Economic growth for the second quarter was revised marginally upward because of an increase in private inventory investment. At 3.1 percent, the economy grew at its fastest pace since the first quarter of 2015. Durable goods orders in August increased after contracting in July, reflective of the impact that civilian aircraft sales have an overall durable goods data. The underlying trend (excluding aircraft orders) shows slow, but steady upward momentum. Consumer confidence and consumer sentiment both declined slightly in September, predominantly due to the impact from recent hurricanes. New home sales for August declined more than expected. Although declines occurred across the country, the largest decline was in the South due to the impact from Hurricane Harvey. We also expect the new home sales data for the next couple of months to be distorted by hurricane effects.

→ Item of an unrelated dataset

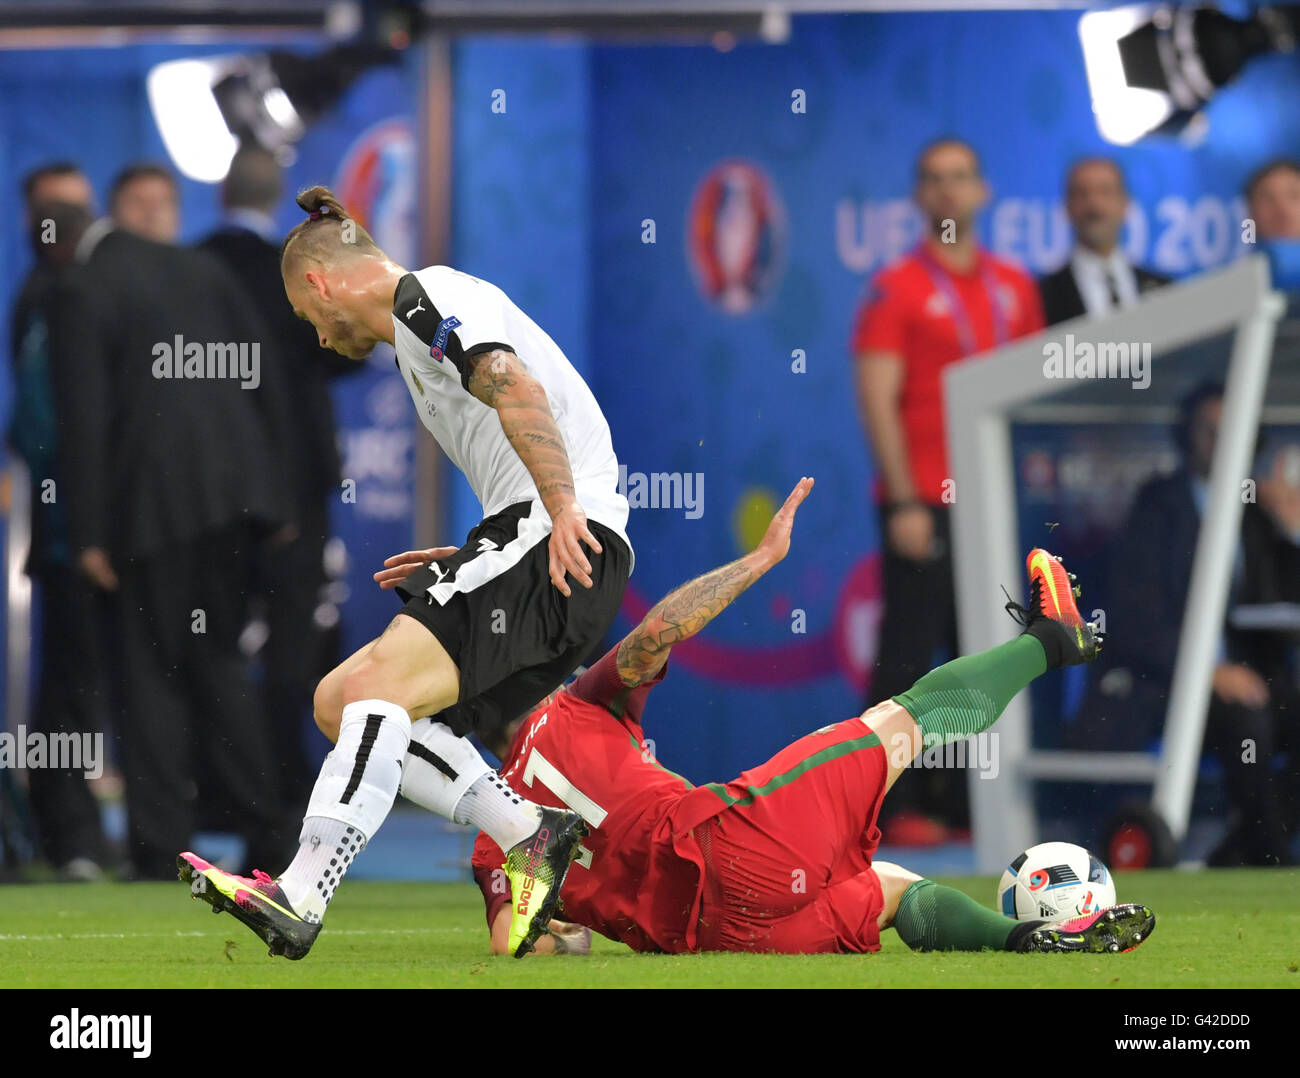 Paris, France. 18th June, 2016. Vieirinha (R) of Portugal and Marko Arnautovic of Austria vie for the ball during the UEFA Euro 2016 Group F soccer match Portugal vs. Austria at the Parc des Princes stadium in Paris, France, 18 June 2016. Photo: Peter Kneffel/dpa/Alamy Live News Stock Photo

What we are watching this week

The employment situation for September should show that job growth slowed because of hurricane impact, not due to any change in the underlying labor market dynamics. We expect any hurricane-related distortions to reverse over the next few months. The ISM manufacturing and non-manufacturing indexes for September will be released and we expect the manufacturing index to show an increase because a weak dollar and stronger global growth should more than offset any hurricane-related impact. We expect little change in the non-manufacturing index due to new orders and ongoing hiring. Lastly, in a sign of things to come for some of the other economic data points, we expect a decline in weekly unemployment claims as the hurricane-related effects fade over time.

Thought of the week

Norway's sovereign-wealth fund, the world's largest, recently surpassed $1 trillion in total assets.